Review: |
In 1977, shortly after watching Star Wars on the big screen, science fiction author Philip K. Dick went to address a convention of fans with a prepared talk. But it was not what anybody was expecting. In it, he announced that he believed he was living in a computer-generated simulation, not unlike the scenarios featured in his books, and went on to explain why this theory was valid enough to pass for the truth. Since then, the theory re-emerged with the 1999 blockbuster The Matrix, which took Dick's ideas to fashion a story depicting the modern world as created by a supercomputer to keep humanity docile and occupied - which some people took as a message of truth.
The Matrix, its directors and writers the Wachowski siblings will tell you, was intended as a metaphor for their identities as transgender women and how they woke up to that new way of seeing themselves and thinking about the world. Whether you think they were merely being wise after the fact and retrofitting their experiences as having since transitioned once their trilogy was released, or whether you accept their work was trying to tell both themselves and the audience something about sexuality, there is not much evidence they were intent on spawning a new way of rejecting what the majority of humanity saw around them every day, no matter what.
And yet, documentarian Rodney Ascher took this film as a jumping off point for a whole movement that grew in force as the internet bloomed in the world's homes and workplaces, leading billions to exist as avatars in what was called cyberspace, much as the Keanu Reeves character Neo did in its fictional realm. Throughout Ascher is wary, even cagey, about drawing any conclusions - he prefers to put a mass of information and opinion out there and allow the viewer to draw their own conclusions instead, an approach that either presents a fascinating look into cracked and obsessional psyches or will have you gritting your teeth in frustration. And yet, something editorial is there.
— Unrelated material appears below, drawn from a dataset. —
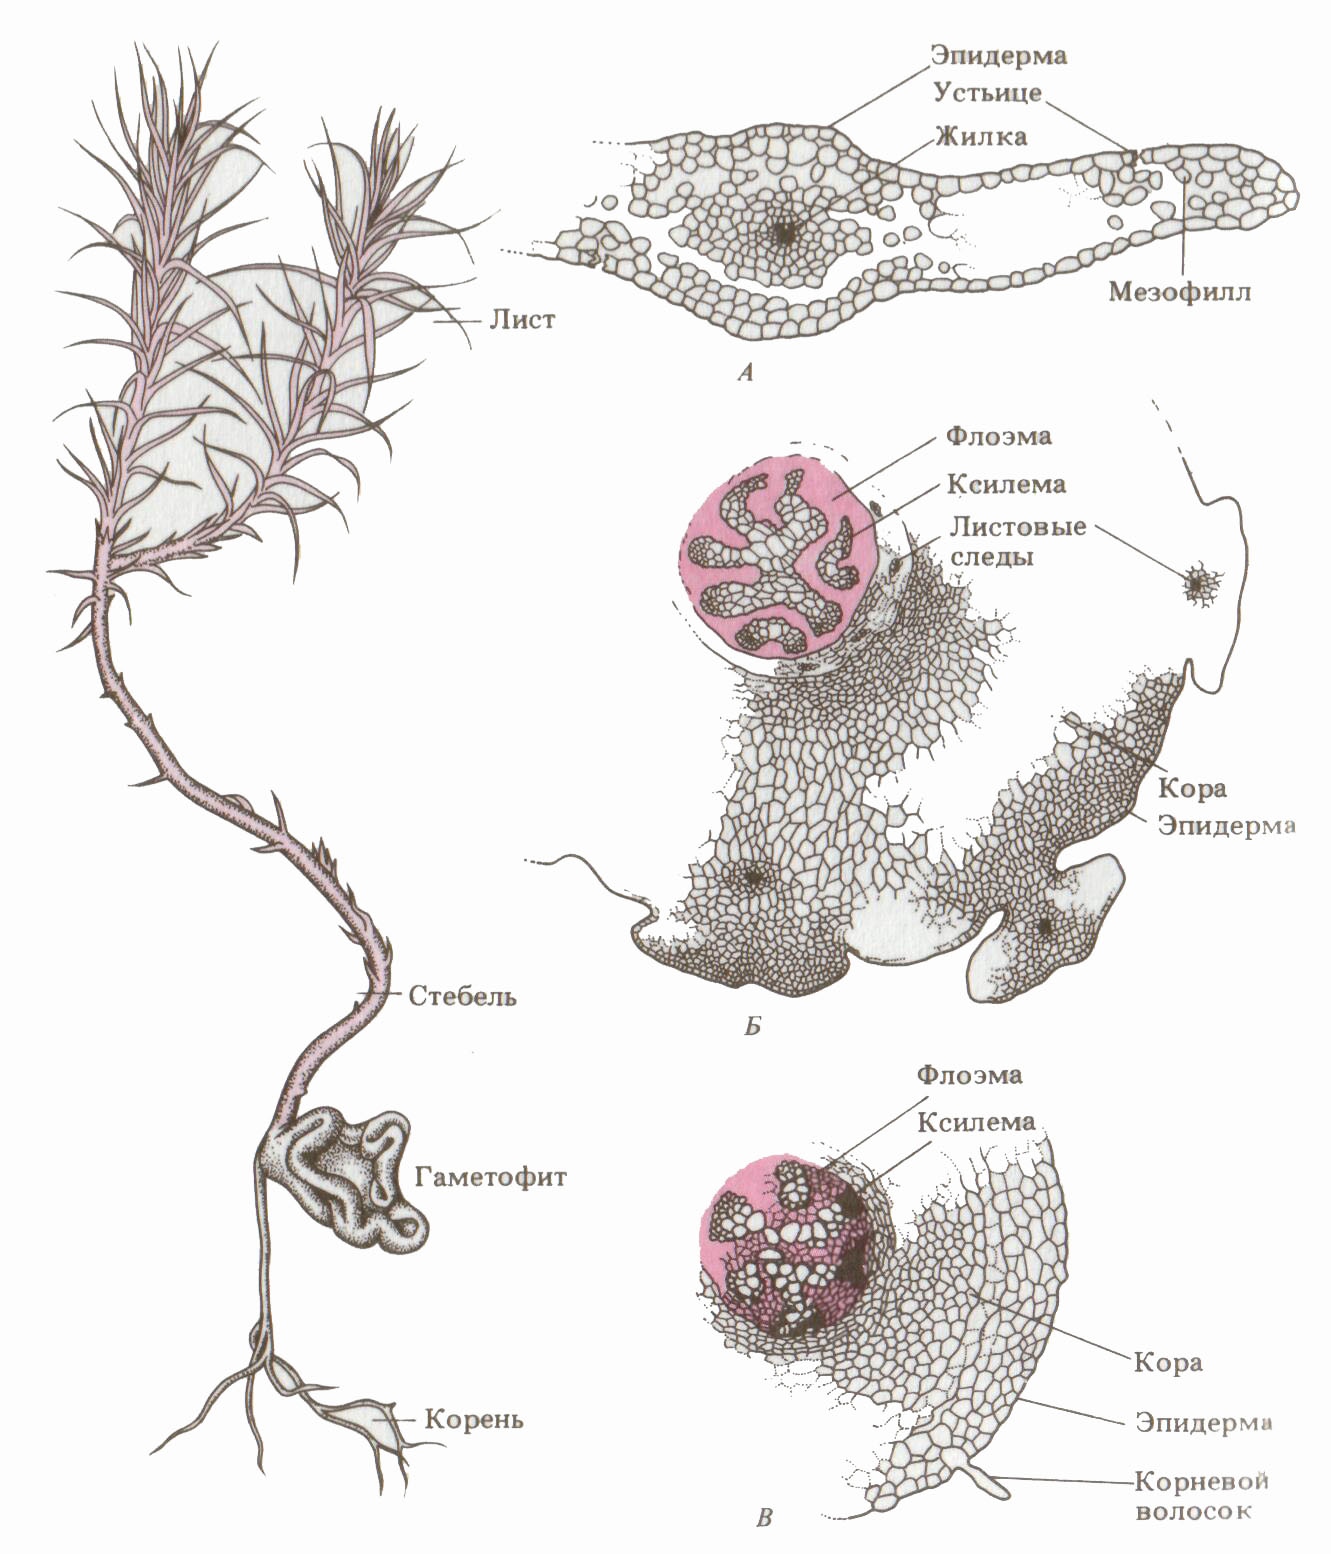 Анатомическое строение стебля плауна

There were interviews here with believers in the simulation theory, all represented in their homes over internet calls (appropriately), and all made to resemble slightly out of date CGI avatars, perhaps to conceal their identities (though their names are plain to see and they give out plenty of personal information - again, it's the internet). There are also interviews with experts on this subject, inasmuch as you can be an expert on what sounds like hokey vintage sci-fi paperbacks informed the whole subject, no matter that the theory is tracked back as far as Ancient Greek philosopher Plato, but as ever with this director, what was important was crafting a collage of unconventional points of view rather than solving any conundrums. Get to the heart of the subject by delving straight into its kookier elements, if not the downright psychotic.
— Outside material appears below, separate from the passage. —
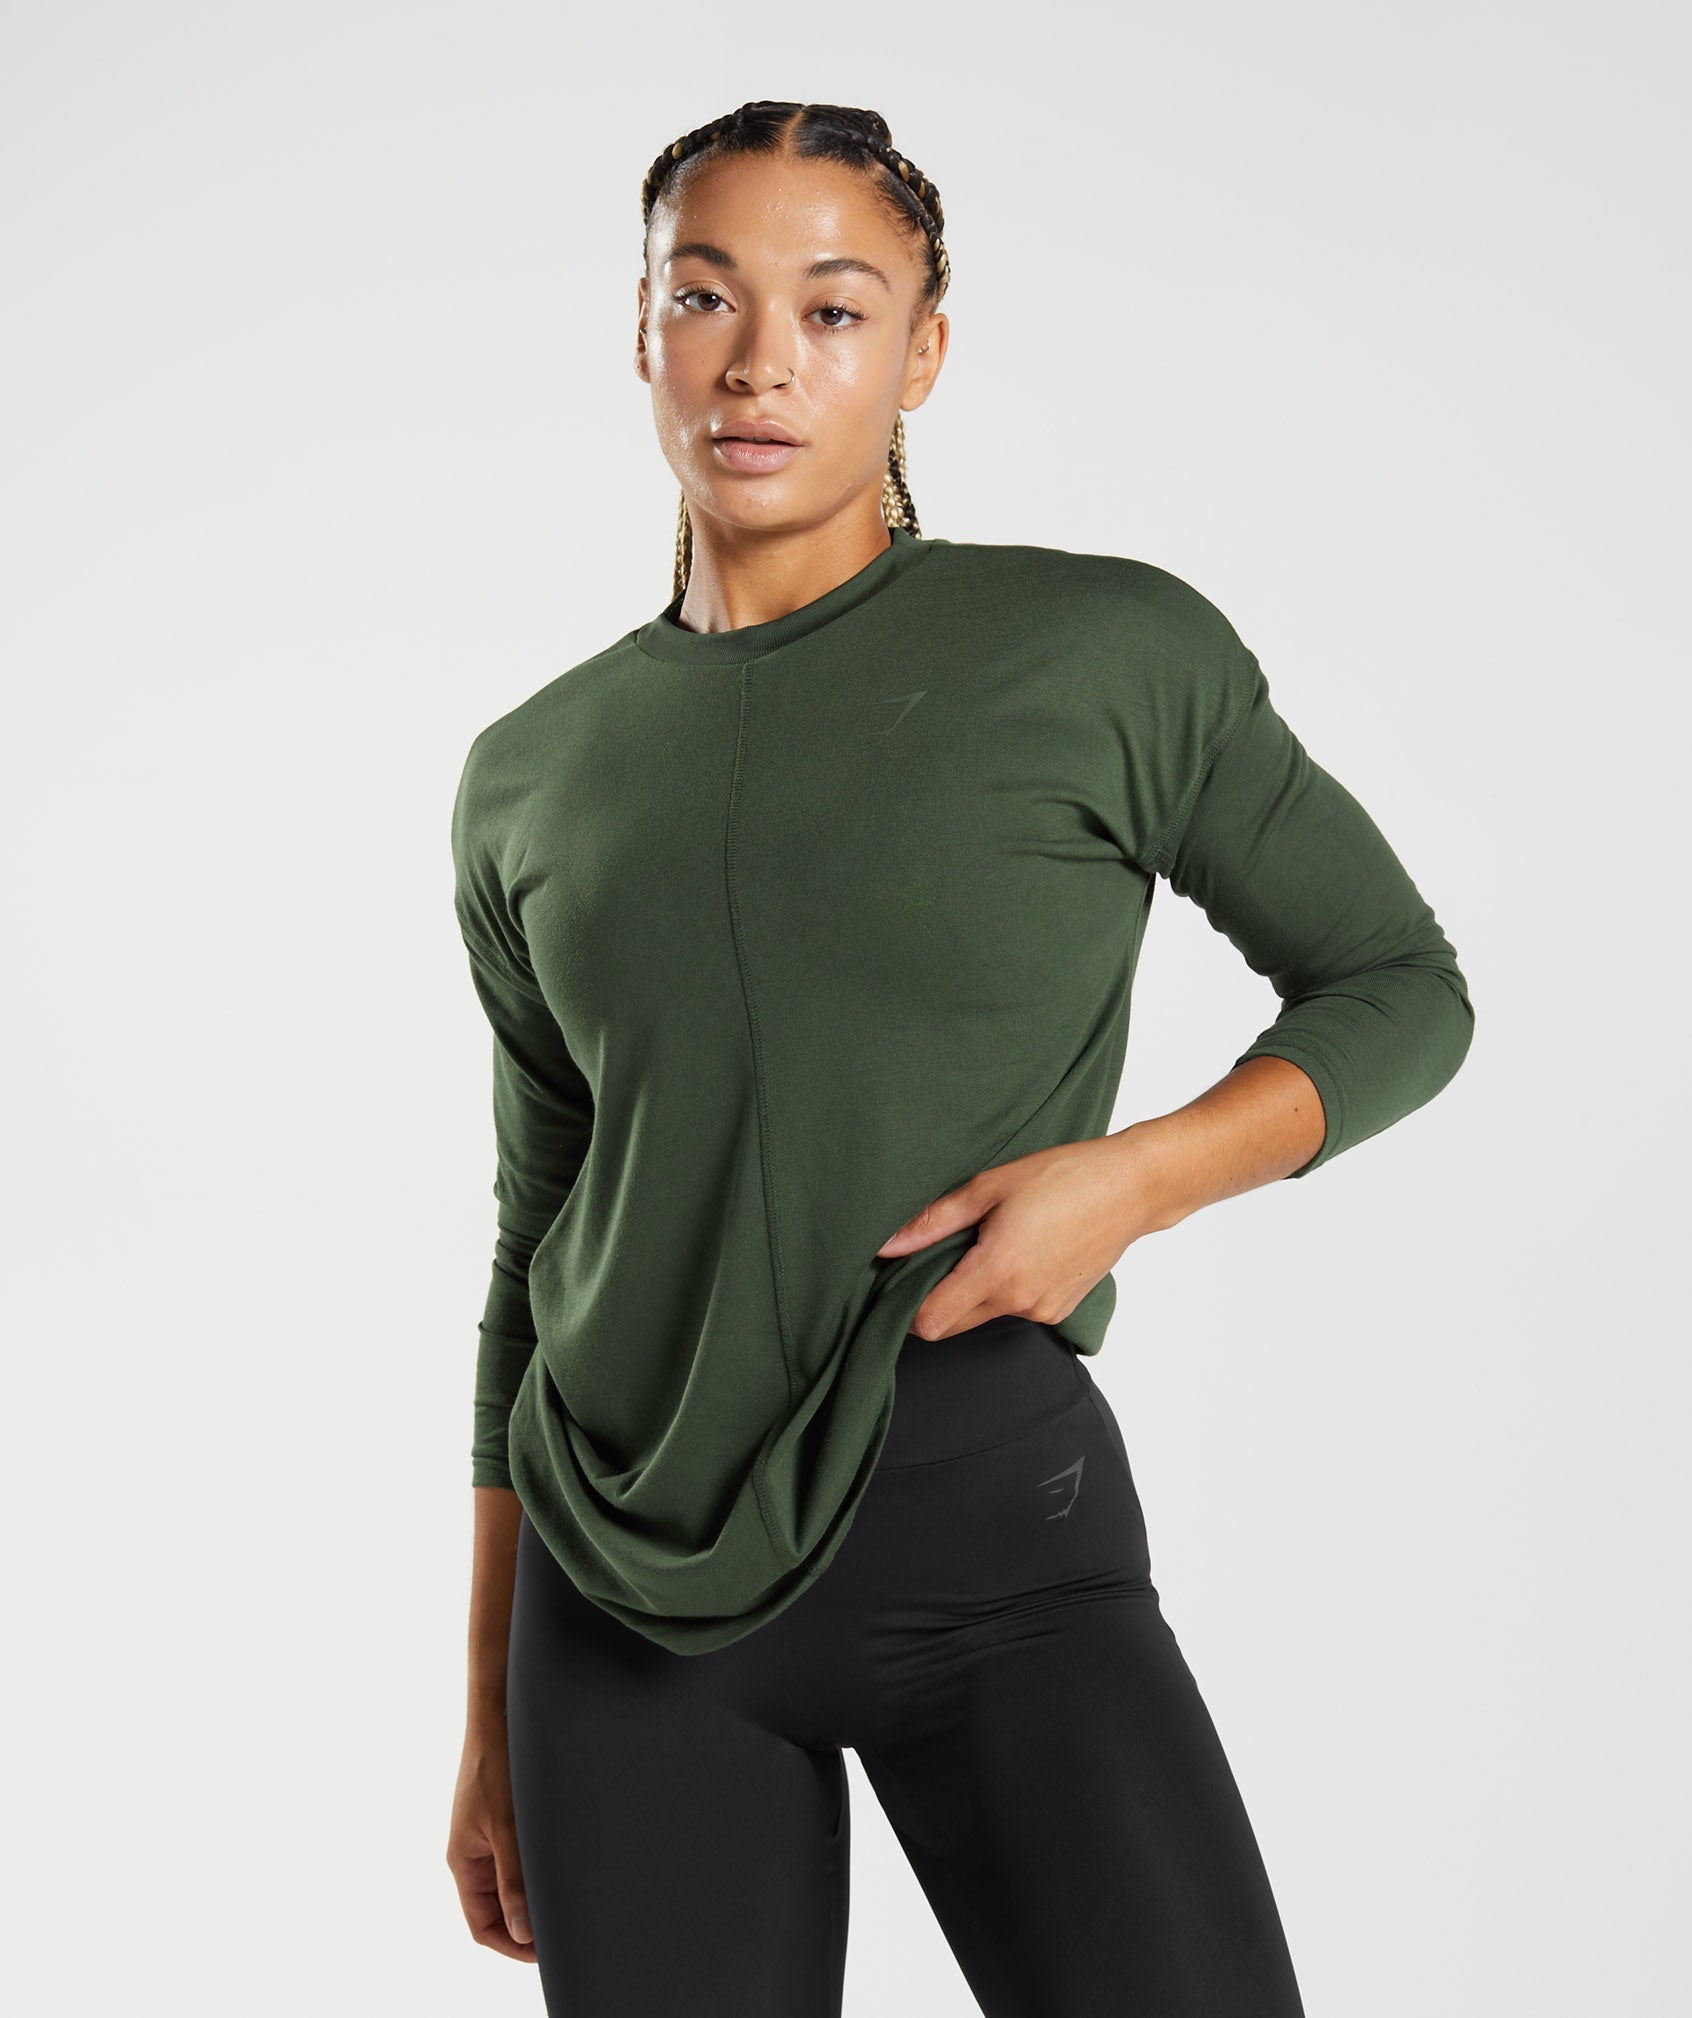 Gymshark GS Power Long Sleeve T-Shirt - Moss Olive

Even so, there are moments when the true believers achieve a little clarity in that they understand this might not be entirely sane, or healthy. Late on Ascher introduces telephone testimony from a man who, at nineteen, was so preoccupied with The Matrix that he denied his reality and used it as an excuse to commit murder to prove that denial; it's now known as "The Matrix Defense" in American courts, though the killer was jolted out of his fantasy by the crime and subsequently refused to use it in his trial. But the fact that increasing numbers carry the gaming or internet world over into real life is cause for concern, which this film rather dances around, to its detriment. Nevertheless, Ascher uses his clips with laser precision to conjure his fugues of fact and fiction, bolstering the view that when pop culture replaces education the results ain't pretty. You imagine those who subscribe to this solipsism will be infuriated by the film, while those who find it insulting will be too, but it makes concrete something nebulous about the overarching superstitions and self-centredness of the twenty-first century, where anything is as real as you want it to be - or insist it is.
[A Glitch in the Matrix is released on 5 February 2021 on VOD platforms and Dogwoof On Demand.
A Glitch in the Matrix DVD and Blu-ray release 10 May 2021.]